Lesson 13

Meaning of Exponents

Let’s see how exponents show repeated multiplication.

13.1: Notice and Wonder: Dots and Lines

What do you notice? What do you wonder?

A figure of a series of dot branches.

 

13.2: The Genie’s Offer

You find a brass bottle that looks really old. When you rub some dirt off of the bottle, a genie appears! The genie offers you a reward.
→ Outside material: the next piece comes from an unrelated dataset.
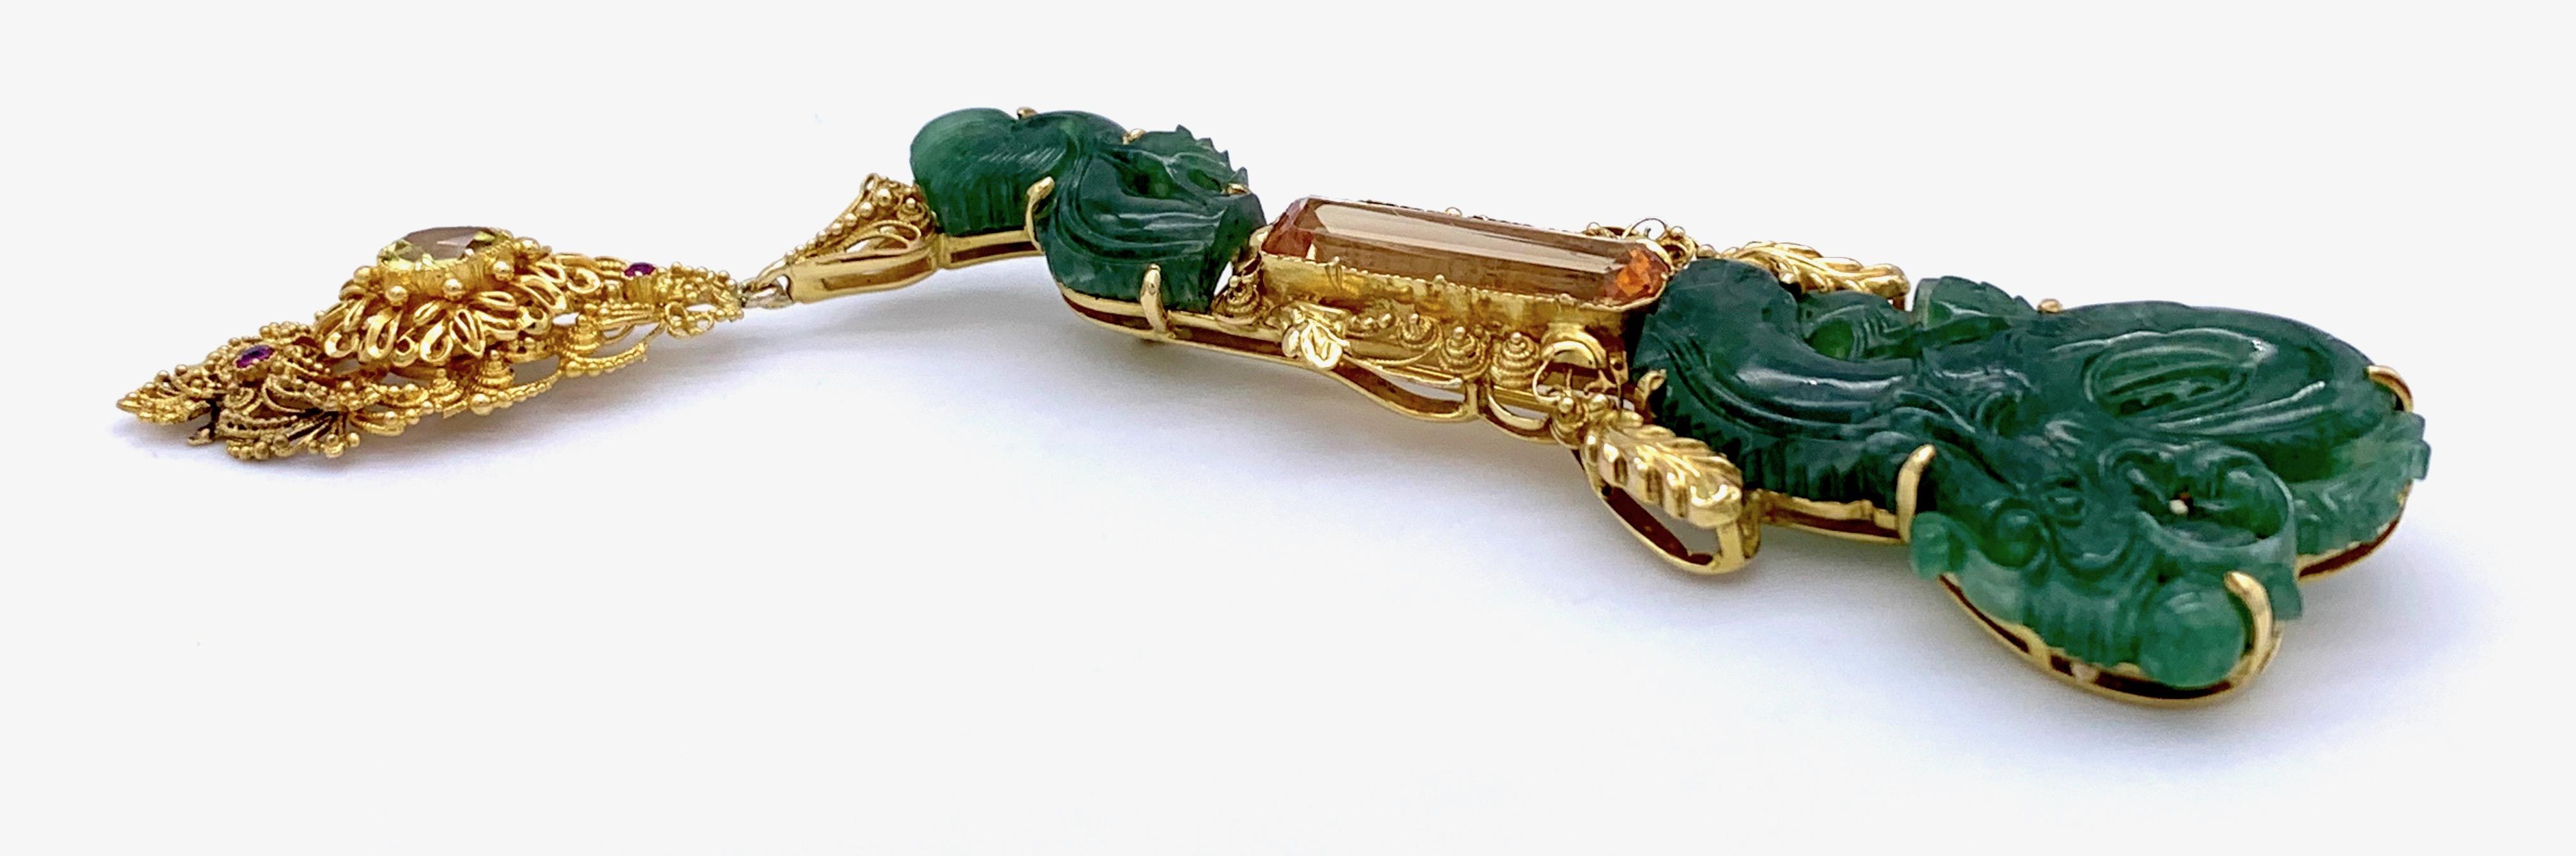 Vintage Dragon Carved Jadeite Topas Ruby 18 Karat Gold Brooch with Pendant For Sale 1

You must choose one:

  • $50,000; or
  • A magical $1 coin. The coin will turn into two coins on the first day. The two coins will turn into four coins on the second day. The four coins will double to 8 coins on the third day. The genie explains the doubling will continue for 28 days.
  1. The number of coins on the third day will be \(2 \boldcdot 2 \boldcdot 2\). Write an equivalent expression using exponents.
  2. What do \(2^5\) and \(2^6\) represent in this situation? Evaluate \(2^5\) and \(2^6\) without a calculator.
  3. How many days would it take for the number of magical coins to exceed $50,000?
  4. Will the value of the magical coins exceed a million dollars within the 28 days? Explain or show your reasoning.

Explore the applet. (Why do you think it stops?)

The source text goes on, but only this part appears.